= List of My Husband's Lover characters =

The following is a list of regulars, recurring, guest and minor characters who have appeared in My Husband's Lover, a Filipino drama television series created and developed by Suzette Doctolero and produced by GMA Network. The series aired from June 10, 2013, til October 18, 2013, on the network's prime time block and starred Carla Abellana, Tom Rodriguez and Dennis Trillo as the main characters. Carolyn Galve serves as the executive producer of show for its entire run and Dominic Zapata directed the series.

The show is credited as the very first gay-themed series in Philippine television due to the series' central subject of homosexual relationships. The show tackles sensitive yet relevant social issues such as homosexual and bisexual relationships, homophobia and discrimination towards gay men, infidelity, pre-marital sex, and HIV/AIDS. It also tackles the importance of family, friendship, integrity and love.

My Husband's Lover chronicles the life of a woman, who belatedly discovers that her husband has been carrying on an affair, but not with another woman.

==Main characters==

===Eric Del Mundo===
Portrayed by Dennis Trillo, Enrico or most commonly known as Eric is Vincent's high school buddy, basketball teammate and first romance. He is described as smart and sophisticated. He is an architect, managing his own design business. He poses a tough image for everyone to see, but in reality, he is an openly gay.

After several years abroad, Eric returns and is determined to win back the love of the man he lost in his youth. Instead, he finds that Vincent is already married to Lally, with whom he already has two kids.

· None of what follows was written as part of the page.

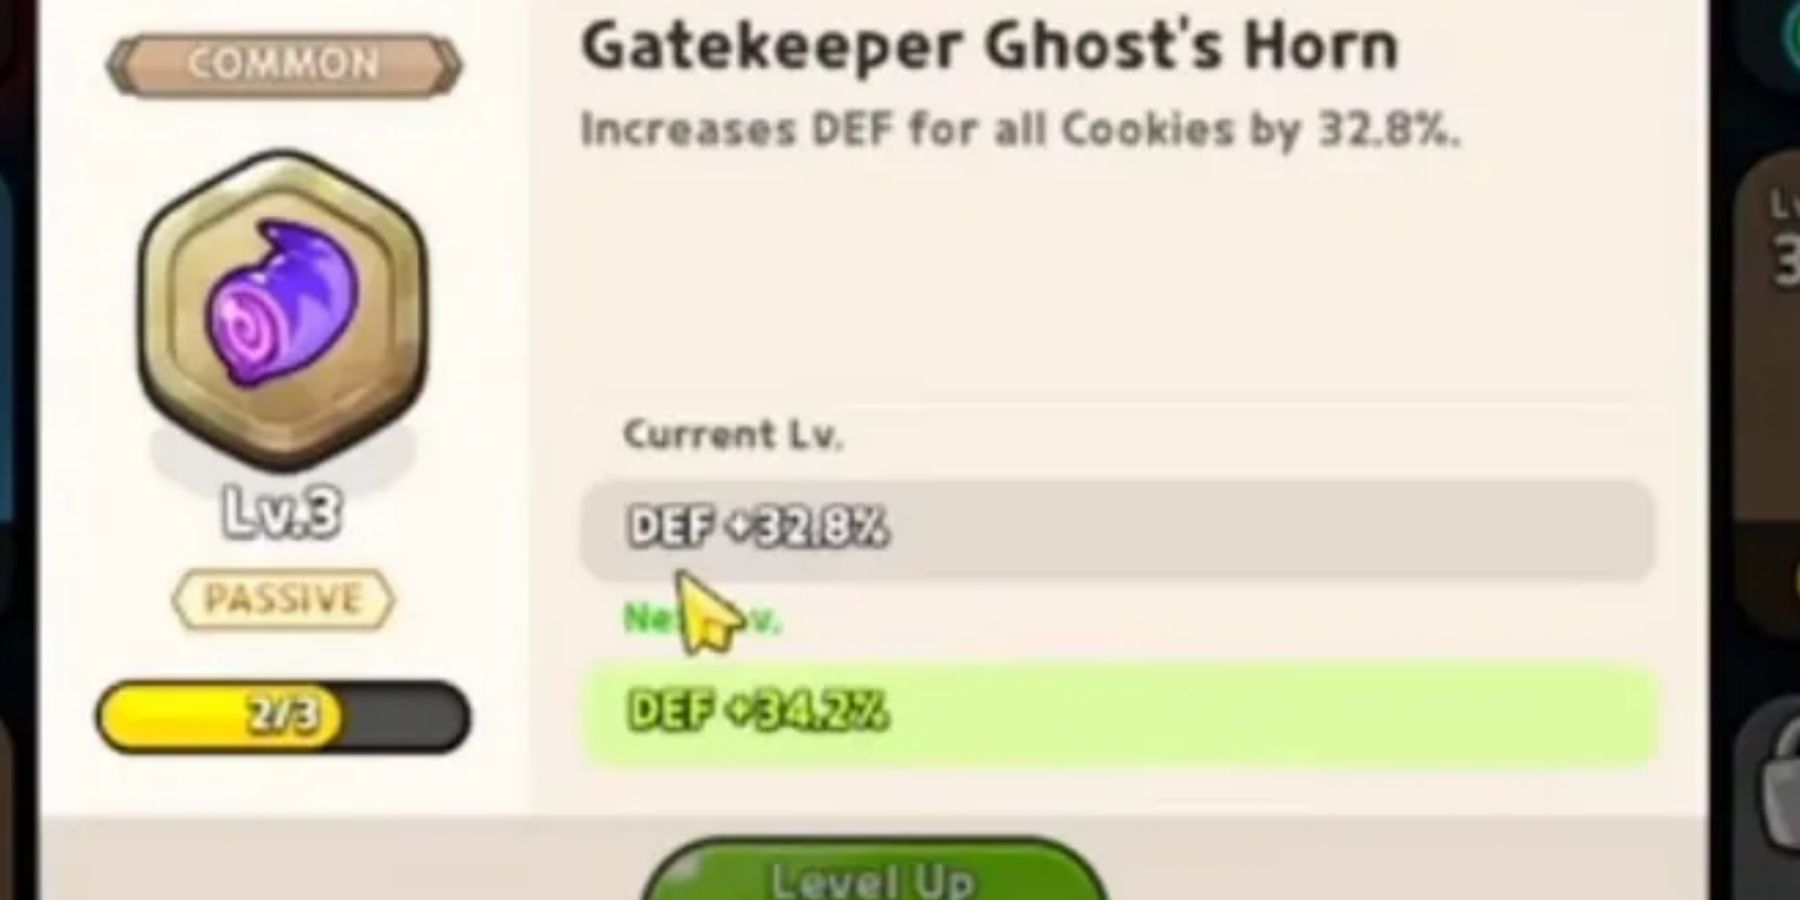 gakekeeper-ghosts-horn-treasure-stats-1

Trillo was originally cast to play the character Vincent Soriano but he decided to play Eric del Mundo, instead. In an interview, Trillo explained that "[In] Temptation of Wife, where I played a philandering husband like Vincent; the only difference is that Vincent is gay. Basically, that's what drew me to choose [the role] Eric. I felt I had been doing the same roles over and over again for the past five years. I was getting bored and I needed something that would challenge me as an actor—and perhaps also remind people and the audience that I'm still here."

Trillo's breakthrough as an actor came when he won a Best Actor award from the Metro Manila Film Festival for his role as a cross-dressing gay spy in the 2004 period movie Aishite Imasu 1941: Mahal Kita. After that, he thought way past doing gay onscreen. But the role of Eric was "too good to pass up." He also considers My Husband's Lover as his "most triumphant TV outing".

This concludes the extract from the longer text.